As idéias de Spencer tiveram uma ampla repercussão em sua época,
favorecendo sobremaneira as tendências racistas - particularmente anti-semitas - e os
preconceitos sociais, representados sobretudo pela teoria da eugenia, de Francis
Galton (1822-1911), que, por sinal, era primo de Darwin.
Todos esses movimentos tinham por finalidade específica a "depuração da raça"
e conseguiram reunir inúmeros adeptos, em todo o mundo, no início do século XX.
Charles Richet, por exemplo, um ilustre fisiologista que obteve o Prêmio Nobel de
Medicina, em 1913, sustentava que era necessário que se criassem leis universais e
inflexíveis que impedissem o casamento inter-racial. Richet dizia em uma de suas
obras: "Está mais do que provado, por todo um conjunto de provas irrefutáveis, que a
raça amarela e, sobretudo, a raça negra, são absolutamente inferiores à raça branca".
"Não se trata de martirizá-las, nem de combatê-las. Não! É preciso muito
amigavelmente, muito simpaticamente, mantê-las à distância, isso é tudo! Pois a raça
mista, que resulta de toda a união com uma raça inferior, será forçosamente inferior."
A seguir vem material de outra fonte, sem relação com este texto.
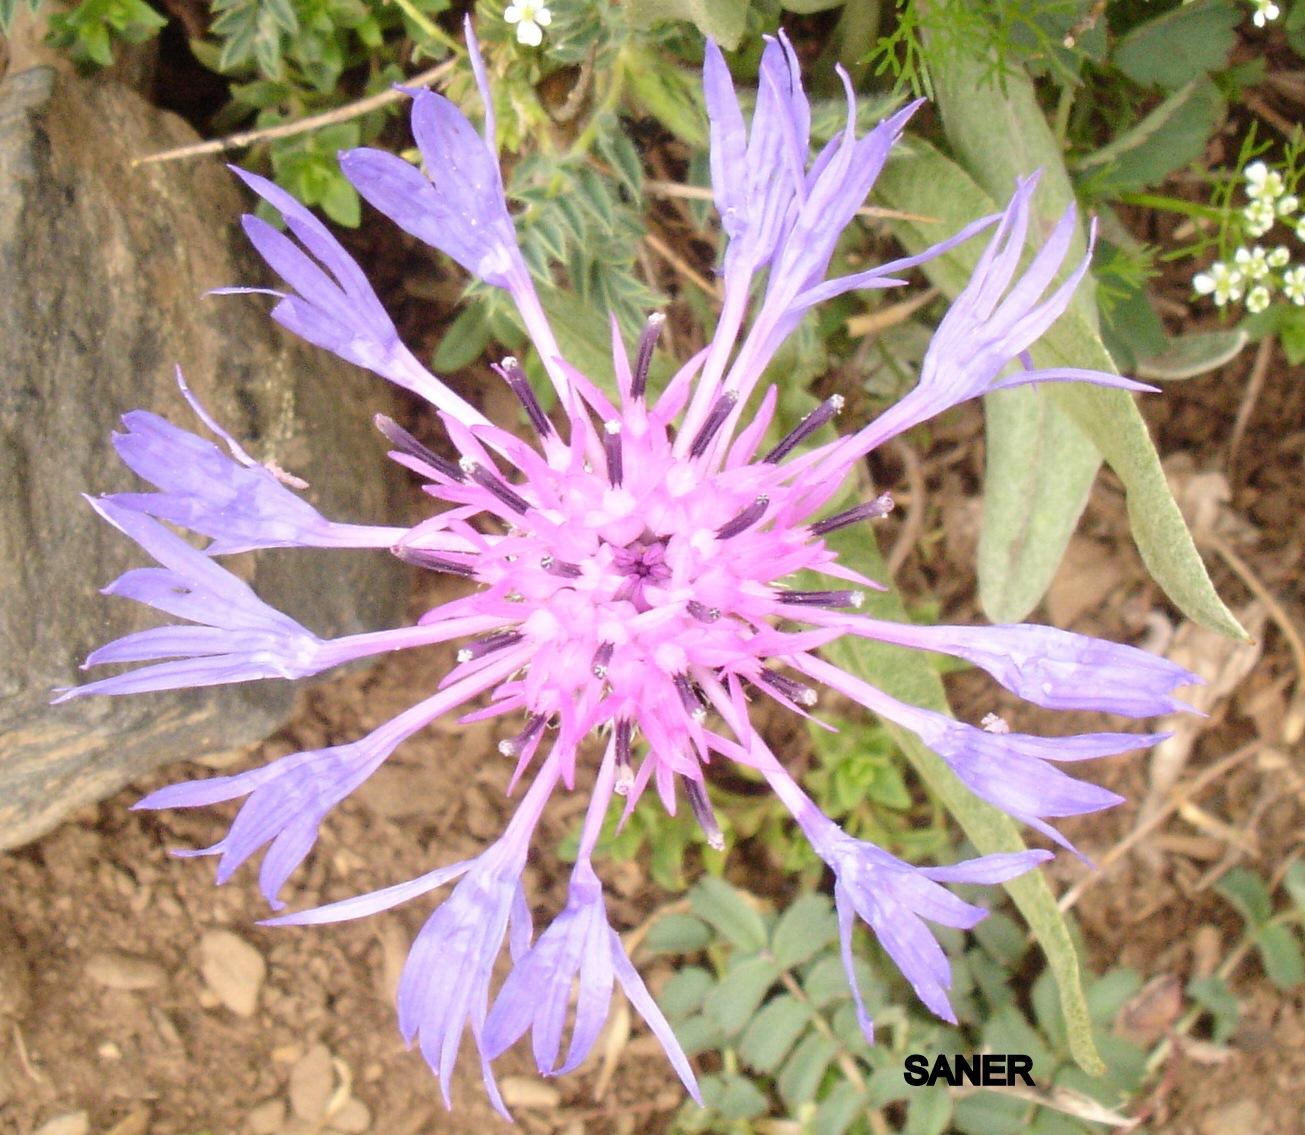 NATURE by Saygın Saner

E, em outra parte da mesma obra: "Nós deveríamos considerar a normalidade corno
um mínimo necessário... Se os aleijados, os lábios-leporinos, os polidáctilos, os
hidrocéfalos, os idiotas, os surdos-mudos, os raquíticos, os cretinos fossem suprimidos,
as sociedades humanas nada perderiam".
Esses eram, pois, os princípios que os darwinistas sociais imaginavam ser
originários da doutrina de Darwin. Em vez de exaltar os princípios morais decorrentes
do próprio desenvolvimento da inteligência e da cultura, voltados para uma sociedade
que protegesse os menos favorecidos - como sugerira Darwin -, propunham uma
sociedade altamente seletiva, desenvolvida à custa da supressão dos menos aptos ou
"inferiores". A lei do mais forte, aplicada à sociedade. Essa tendência atingiu o auge
com o nazismo, quando ficou provada sua total incompatibilidade com a ética e com a
superioridade do intelecto humano sobre os seus instintos animais(...)
A EVOLUCÃO DA CONSCIÊNCIA
O comportamento inato, isto é, aquelas formas de comportamento que os
animais transmitem, geneticamente, de uma geração a outra, tem importância capital
para a sobrevivência da espécie e foi originado pelo processo de seleção natural. Um
pássaro, por exemplo, mesmo nascido e criado em cativeiro, sabe como construir o seu
ninho quando chega a época da reprodução. Tais comportamentos inatos têm sido
objeto de estudos realizados pelos etologistas (do grego etos, "comportamento"), como
o contemporâneo Konrad Lorenz, ou por alguns naturalistas antigos, como o
entomologista francês Henri Fabre, contemporâneo e admirador de Darwin, porem não
de sua teoria evolucionista.
O homem também apresenta comportamento inato, como os movimentos de
sucção manifestados pelos recém-nascidos ao procurar, desde os primeiros dias de
vida, alimentar-se ao seio materno. É um comportamento "instintivo", sem o qual o
animal não conseguiria reagir ao meio no sentido de garantir sua sobrevivência e
reprodução.
Além disso, o equipamento genético de cada um dispõe de algumas "tendências
inatas" que poderão ou não ser desenvolvidas no confronto com o meio em que se
vive. A agressividade de um cão, ou do ser humano, poderá ser estimulada se o
ambiente for selvagem, ou inibida pela educação. Na medida em que o ser humano se
desenvolve culturalmente, seu comportamento inato perde gradativamente a
importância. A cultura -- que pode ser definida brevemente como o conjunto de
conhecimentos, crenças, artes, moral, costumes e demais disposições e hábitos
adquiridos pelo homem enquanto membro de uma sociedade - constitui, para o
homem, um elemento a mais do meio ambiente ao qual deve adaptar-se. Do confronto
permanente entre suas tendências inatas e o ambiente cultural a que pertence é que
surge o comportamento característico de cada um. Mas não se pode dizer que esse
confronto seja da mesma natureza que o que ocorre na seleção natural, uma vez que o
comportamento resultante não é hereditário, como ocorre com o comportamento inato.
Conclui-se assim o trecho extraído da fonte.